Apache druid的ingestion spec数据插入规范
目录
- 1. 测试数据
- 2. 定义dataSchema
- 2.1 指定数据源名称
- 2.2 指定__time时间戳
- 2.3 定义Rollup相关
- 2.3.1 "rollup" : true
- 2.3.2 "rollup" : false
- 2.4 定义granularitySpec
- 3. 定义task type
- 4. 定义数据输入源
- 5. 其它优化参数
- 6. 提交任务
- 7. 查询结果数据
1. 测试数据
我们要插入的测试是一批网络流数据,如下所示:
{"ts":"2018-01-01T01:01:35Z","srcIP":"1.1.1.1", "dstIP":"2.2.2.2", "srcPort":2000, "dstPort":3000, "protocol": 6, "packets":10, "bytes":1000, "cost": 1.4}
{"ts":"2018-01-01T01:01:51Z","srcIP":"1.1.1.1", "dstIP":"2.2.2.2", "srcPort":2000, "dstPort":3000, "protocol": 6, "packets":20, "bytes":2000, "cost": 3.1}
{"ts":"2018-01-01T01:01:59Z","srcIP":"1.1.1.1", "dstIP":"2.2.2.2", "srcPort":2000, "dstPort":3000, "protocol": 6, "packets":30, "bytes":3000, "cost": 0.4}
{"ts":"2018-01-01T01:02:14Z","srcIP":"1.1.1.1", "dstIP":"2.2.2.2", "srcPort":5000, "dstPort":7000, "protocol": 6, "packets":40, "bytes":4000, "cost": 7.9}
{"ts":"2018-01-01T01:02:29Z","srcIP":"1.1.1.1", "dstIP":"2.2.2.2", "srcPort":5000, "dstPort":7000, "protocol": 6, "packets":50, "bytes":5000, "cost": 10.2}
{"ts":"2018-01-01T01:03:29Z","srcIP":"1.1.1.1", "dstIP":"2.2.2.2", "srcPort":5000, "dstPort":7000, "protocol": 6, "packets":60, "bytes":6000, "cost": 4.3}
{"ts":"2018-01-01T02:33:14Z","srcIP":"7.7.7.7", "dstIP":"8.8.8.8", "srcPort":4000, "dstPort":5000, "protocol": 17, "packets":100, "bytes":10000, "cost": 22.4}
{"ts":"2018-01-01T02:33:45Z","srcIP":"7.7.7.7", "dstIP":"8.8.8.8", "srcPort":4000, "dstPort":5000, "protocol": 17, "packets":200, "bytes":20000, "cost": 34.5}
{"ts":"2018-01-01T02:35:45Z","srcIP":"7.7.7.7", "dstIP":"8.8.8.8", "srcPort":4000, "dstPort":5000, "protocol": 17, "packets":300, "bytes":30000, "cost": 46.3}
将其保存到quickstart/tutorial/ingestion-tutorial-data.json文件中
2. 定义dataSchema
ingestion spec中最核心的是dataSchema,定义了如何将输入数据解析为一组列
在quickstart/tutorial目录下新建文件ingestion-tutorial-index.json,在其中添加一个空的dataSchema,内容如下:
[root@bigdata001 apache-druid-0.22.1]# cat quickstart/tutorial/ingestion-tutorial-index.json
"dataSchema" : {}
[root@bigdata001 apache-druid-0.22.1]#
2.1 指定数据源名称
通过dataSource指定
[root@bigdata001 apache-druid-0.22.1]# cat quickstart/tutorial/ingestion-tutorial-index.json
"dataSchema" : {"dataSource" : "ingestion-tutorial"
}
[root@bigdata001 apache-druid-0.22.1]#
2.2 指定__time时间戳
通过timestampSpec指定__time时间戳。

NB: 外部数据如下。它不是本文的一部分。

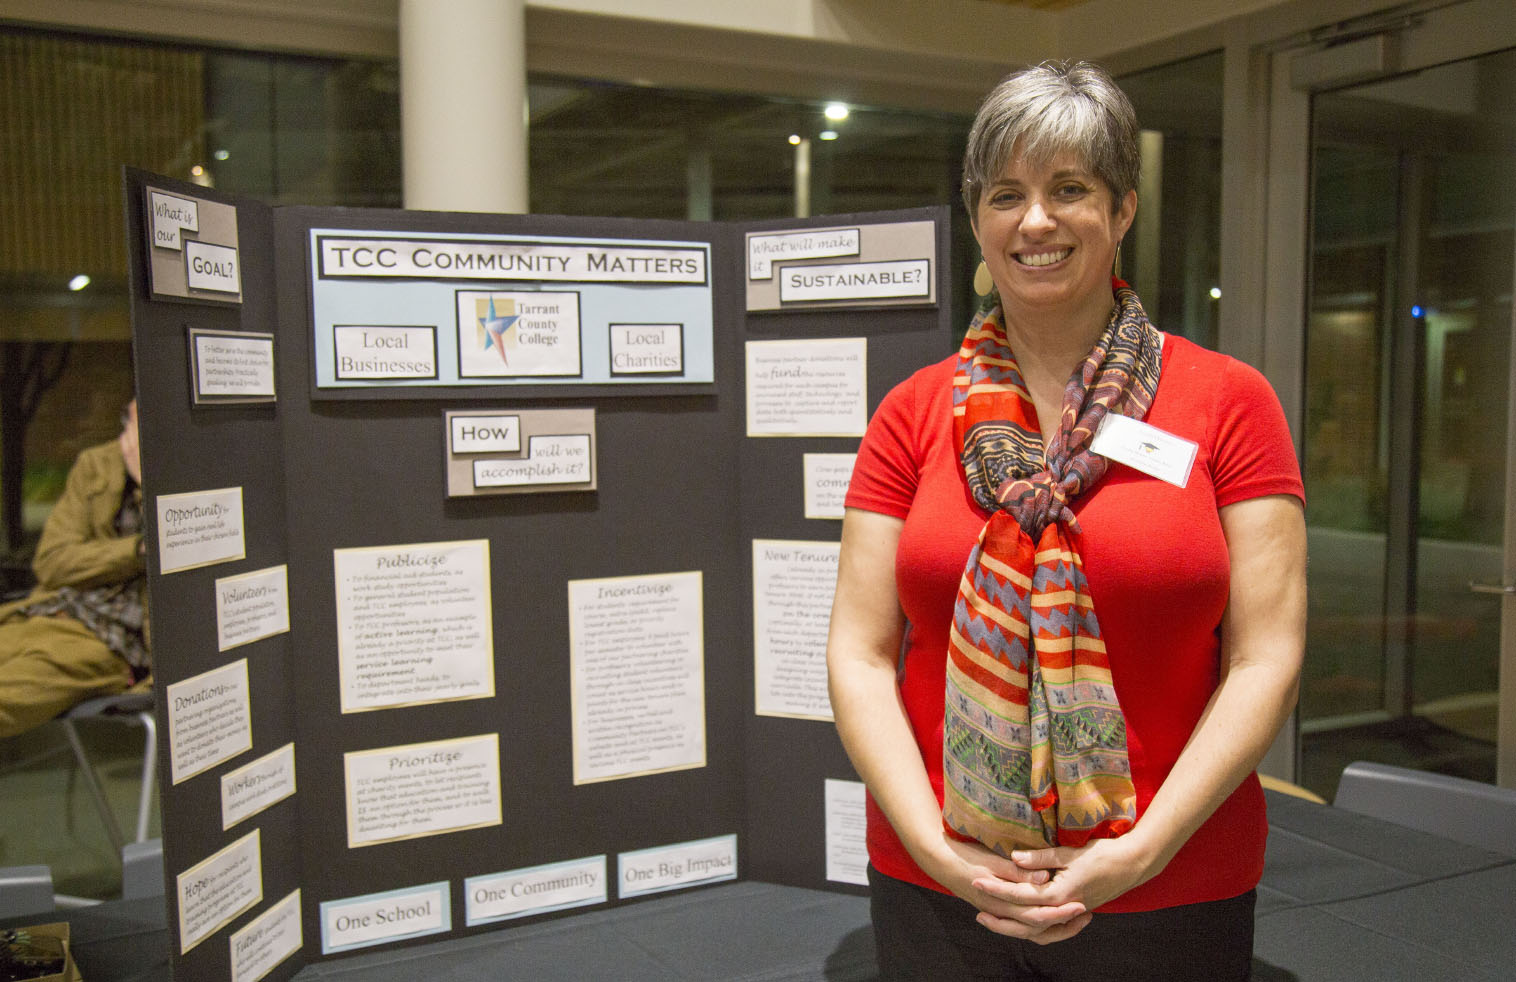 South student Jeana Owens presents her research project, which focuses on the impact of the TCC community. She did the project for the Cultivating Scholars Program and competed in the behavioral and social sciences division.

通过column定义__time时间戳的来源时间字段,通过format定义来源时间字段的时间类型
[root@bigdata001 apache-druid-0.22.1]# cat quickstart/tutorial/ingestion-tutorial-index.json
"dataSchema" : {"dataSource" : "ingestion-tutorial","timestampSpec" : {"column" : "ts","format" : "iso"}
}
[root@bigdata001 apache-druid-0.22.1]#
2.3 定义Rollup相关
rollup定义在granularitySpec下面
- 如果启用了rollup,输入字段分为两类,“dimensions"和"metrics”。“dimensions” 是用于rollup的聚合字段,"metrics"是计算的指标字段
- 如果关闭了rollup,则所有字段都是"dimensions",不会发生预聚合
2.3.1 “rollup” : true
本示例,我们开启rollup
[root@bigdata001 apache-druid-0.22.1]# cat quickstart/tutorial/ingestion-tutorial-index.json
"dataSchema" : {"dataSource" : "ingestion-tutorial","timestampSpec" : {"column" : "ts","format" : "iso"},"granularitySpec" : {"rollup" : true}
}
[root@bigdata001 apache-druid-0.22.1]#
dimension和Metrics的字段划分
- dimension:srcIP、srcPort、dstIP、dstPort、protocol
- Metrics:packets、bytes、cost
dimension的指定
dimensions定义在dimensionsSpec下面
[root@bigdata001 apache-druid-0.22.1]# cat quickstart/tutorial/ingestion-tutorial-index.json
"dataSchema" : {"dataSource" : "ingestion-tutorial","timestampSpec" : {"column" : "ts","format" : "iso"},"granularitySpec" : {"rollup" : true},"dimensionsSpec" : {"dimensions" : ["srcIP",{"name" : "srcPort", "type" : "long"},{"name" : "dstIP", "type" : "string"},{"name" : "dstPort", "type" : "long"},{"name" : "protocol", "type" : "string"}]}
}
[root@bigdata001 apache-druid-0.22.1]#
- 字段类型可以是long、float、double、string
- 如果字段类型是string类型,可以只指定字段名称,因为默认的字段类型就是string。如"srcIP"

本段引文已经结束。